### Problem description
Reproduce the opening lines of the listing below exactly, stopping after the line that contains "A Japandi style" and leaving out any pictures.

### Dataset content
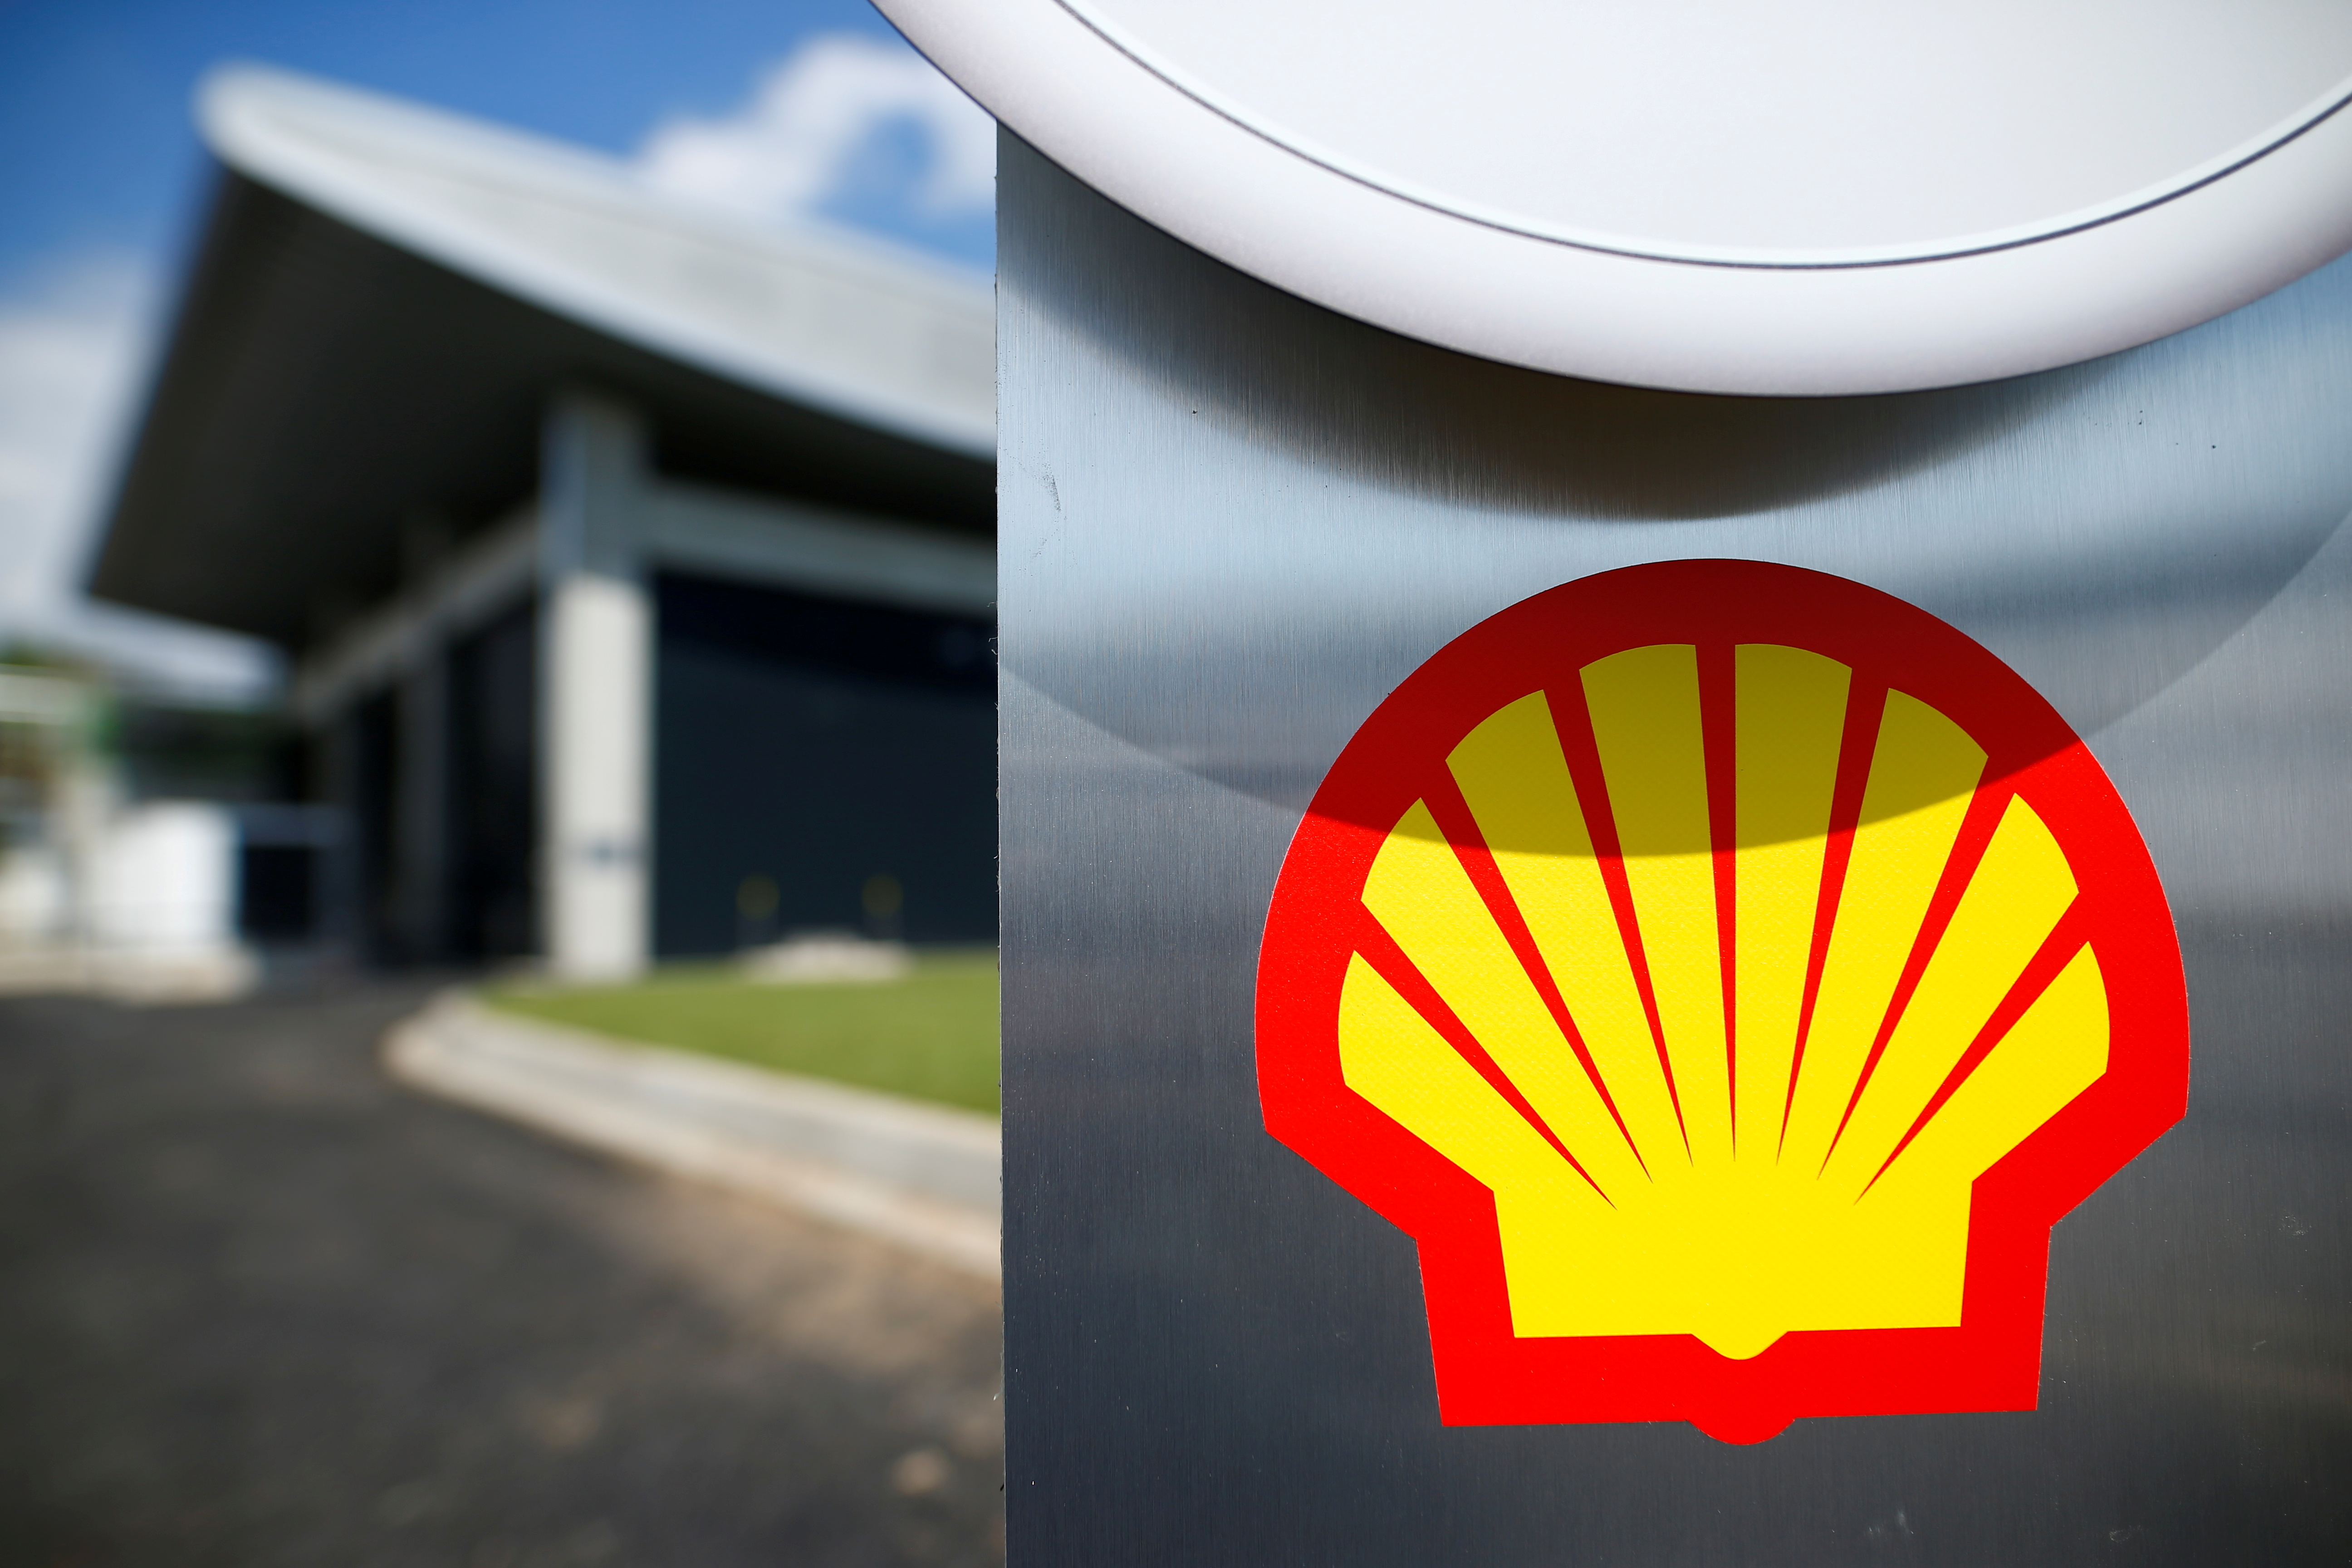 The logo of Royal Dutch Shell is pictured during a launch event for a hydrogen electrolysis plant at Shell's Rhineland refinery in Wesseling near Cologne, Germany, July 2, 2021. REUTERS/Thilo Schmuelgen/File Photo
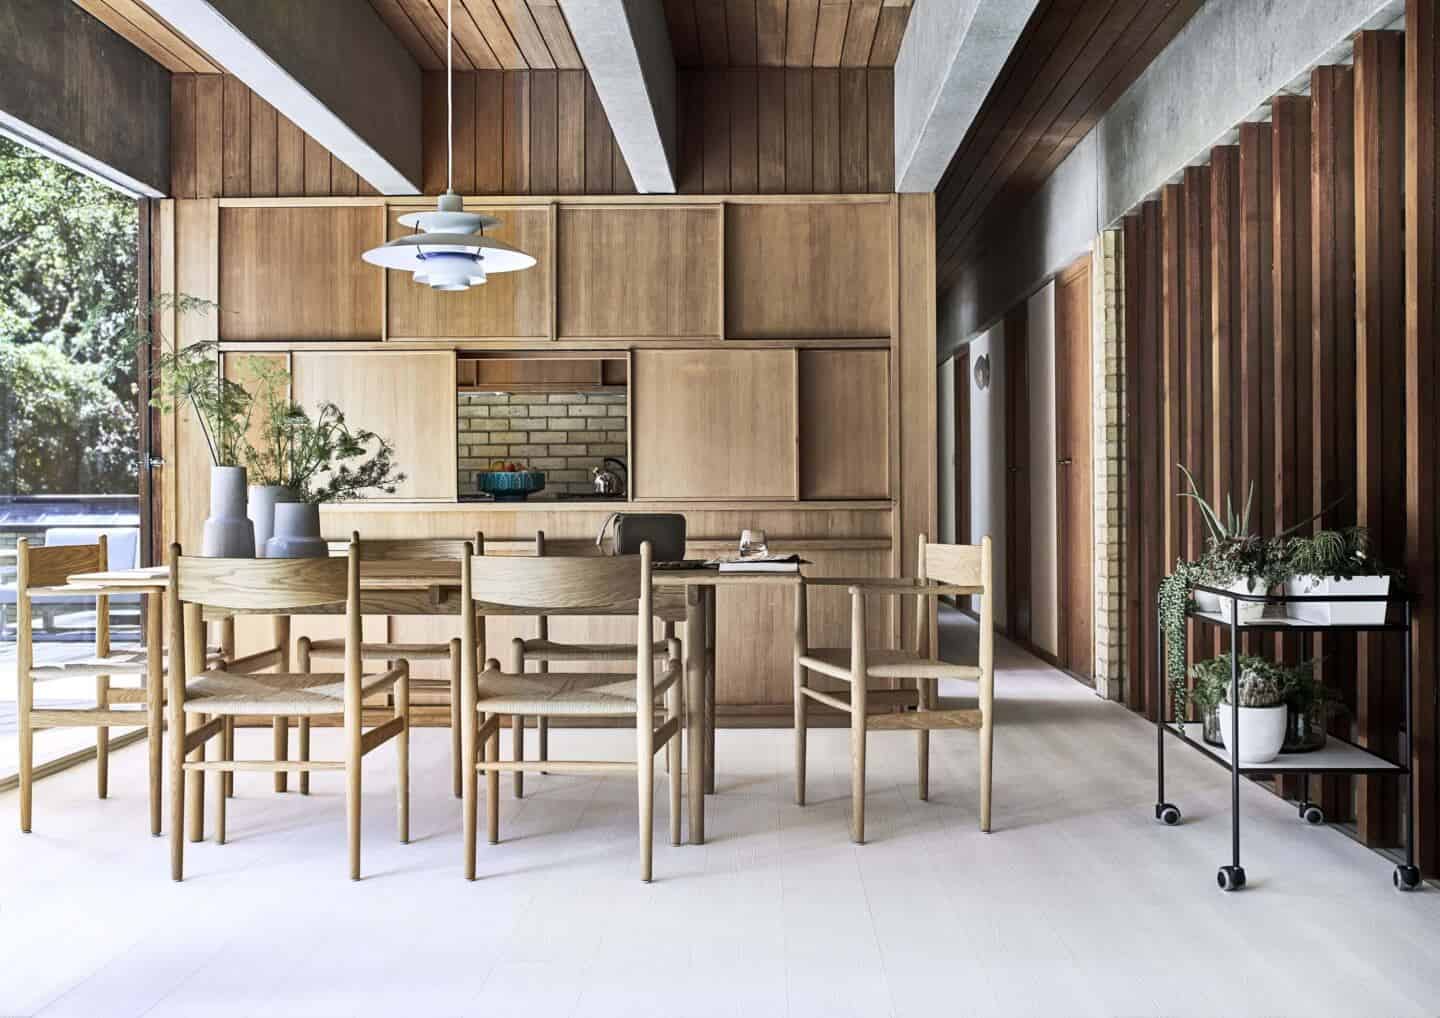 A Japandi style dining room in a mid-century Modern home with floor to ceiling windows, wooden panelling and a Louis Poulsen PH5 Suspension Light
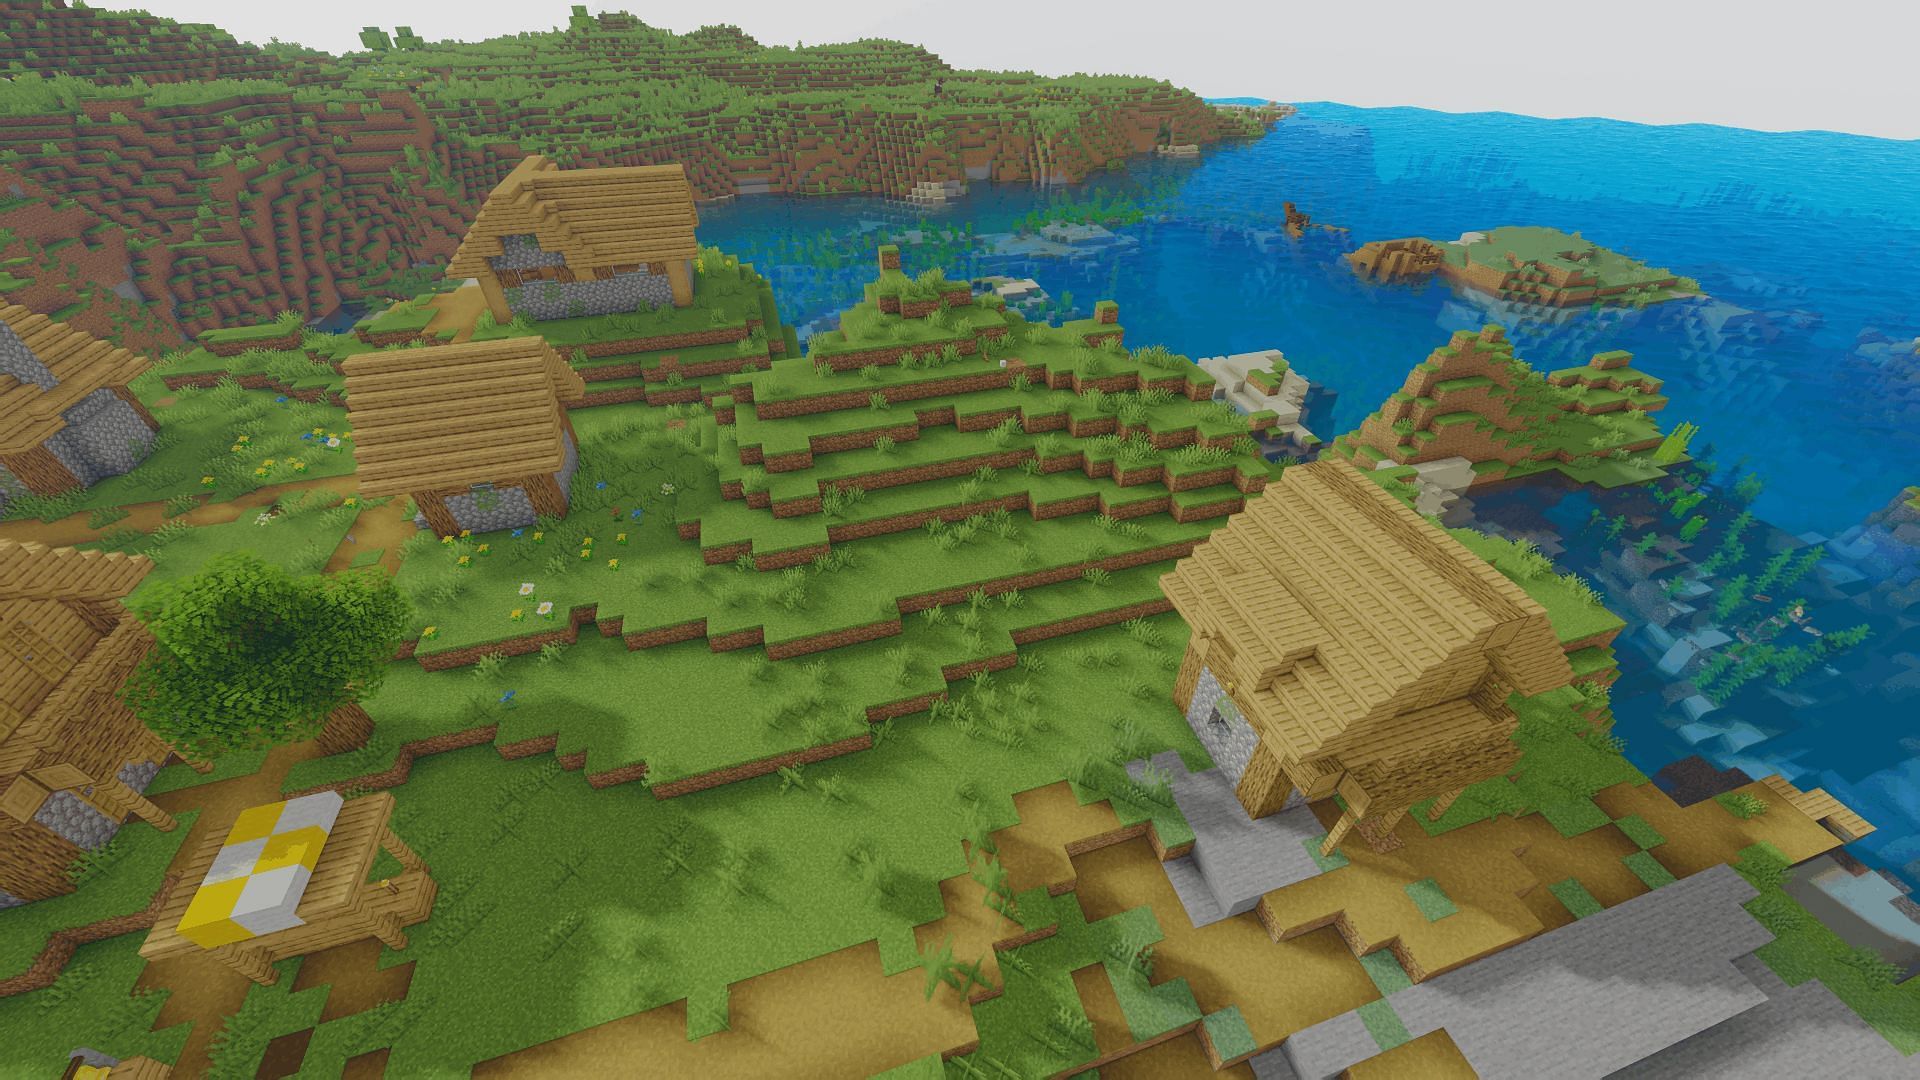 The plains village with the Oceano shader applied (Image via Minecraft)
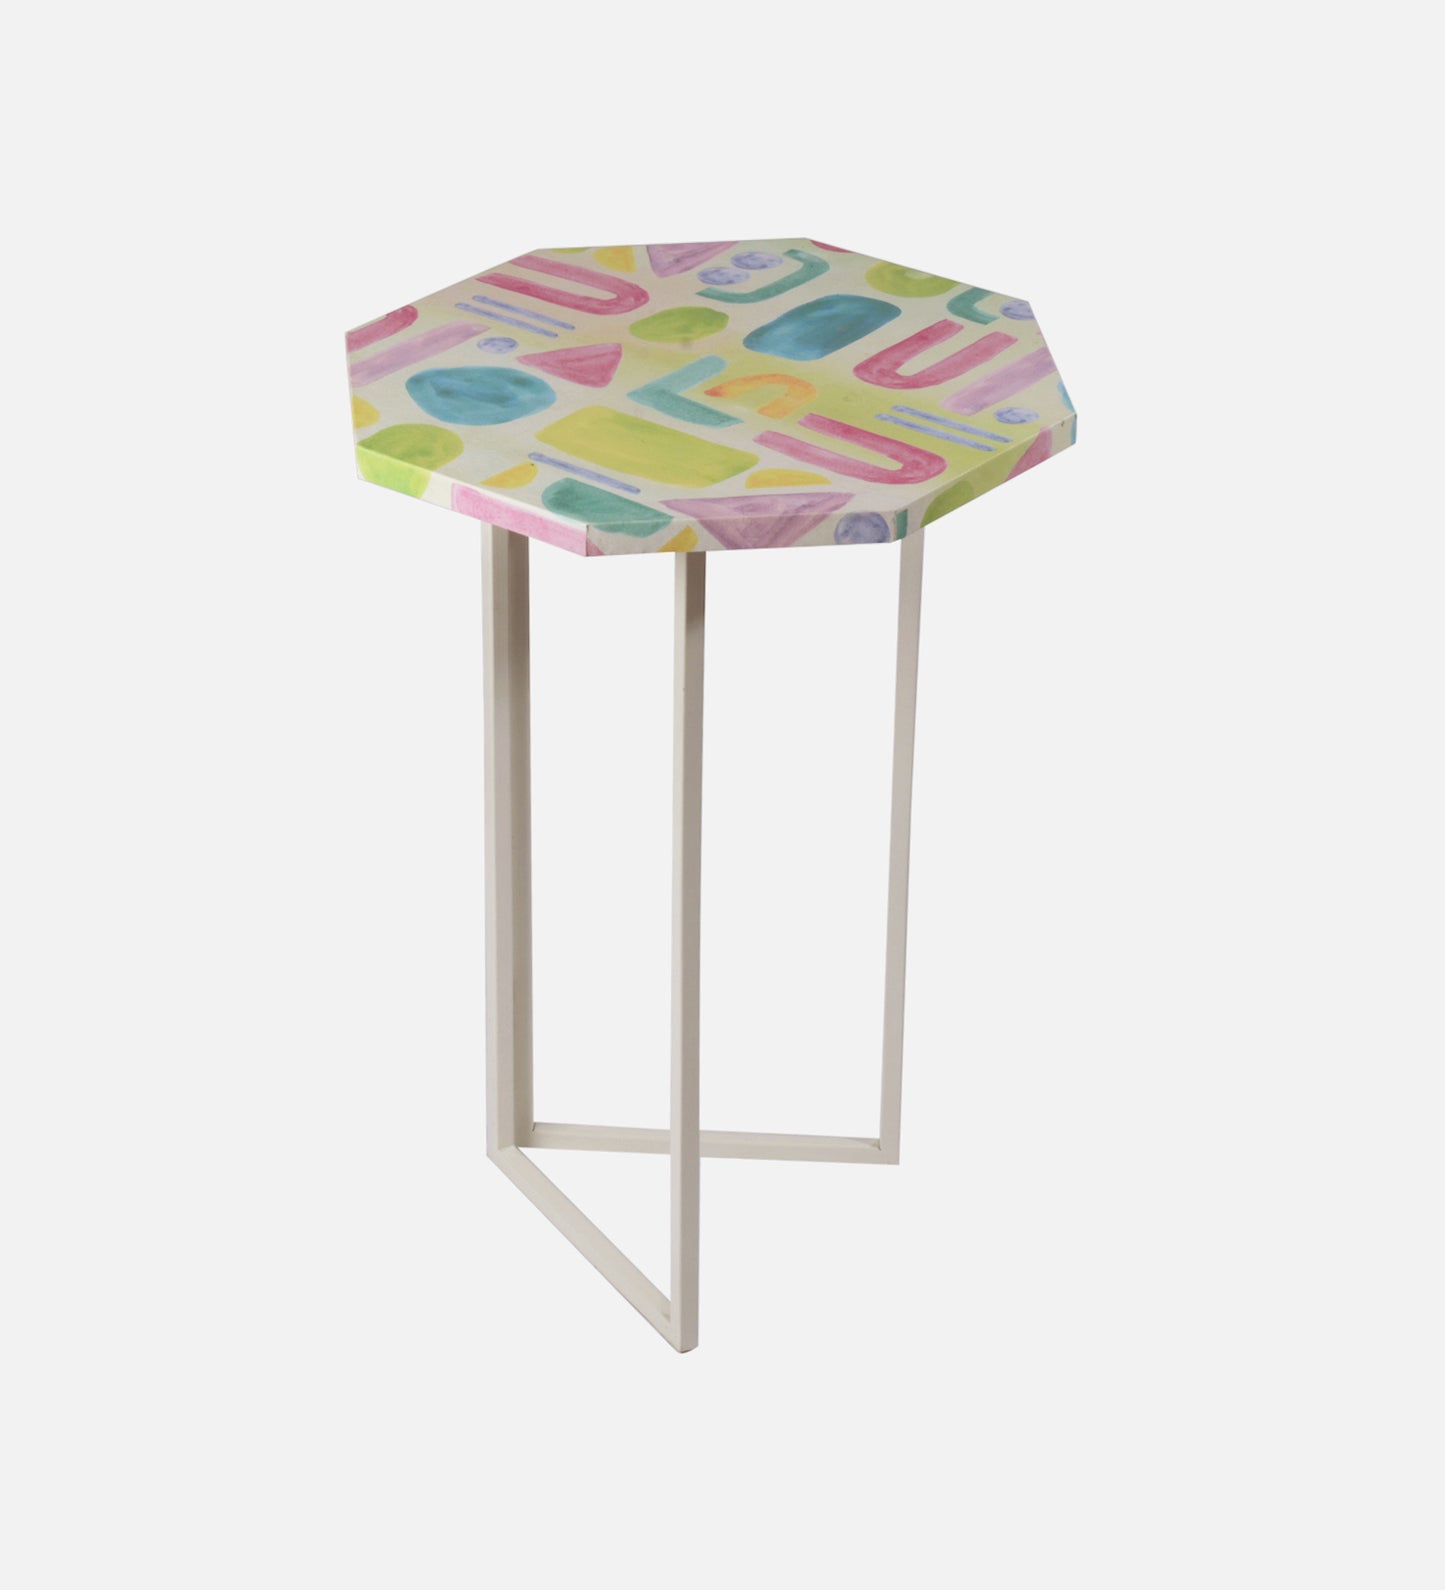 Tiny Doodles Octagon Oblique Side Tables, Wooden Tables, Living Room Decor by A Tiny Mistake

### Solution to this exercise
 The logo of Royal Dutch Shell is pictured during a launch event for a hydrogen electrolysis plant at Shell's Rhineland refinery in Wesseling near Cologne, Germany, July 2, 2021. REUTERS/Thilo Schmuelgen/File Photo
 A Japandi style dining room in a mid-century Modern home with floor to ceiling windows, wooden panelling and a Louis Poulsen PH5 Suspension Light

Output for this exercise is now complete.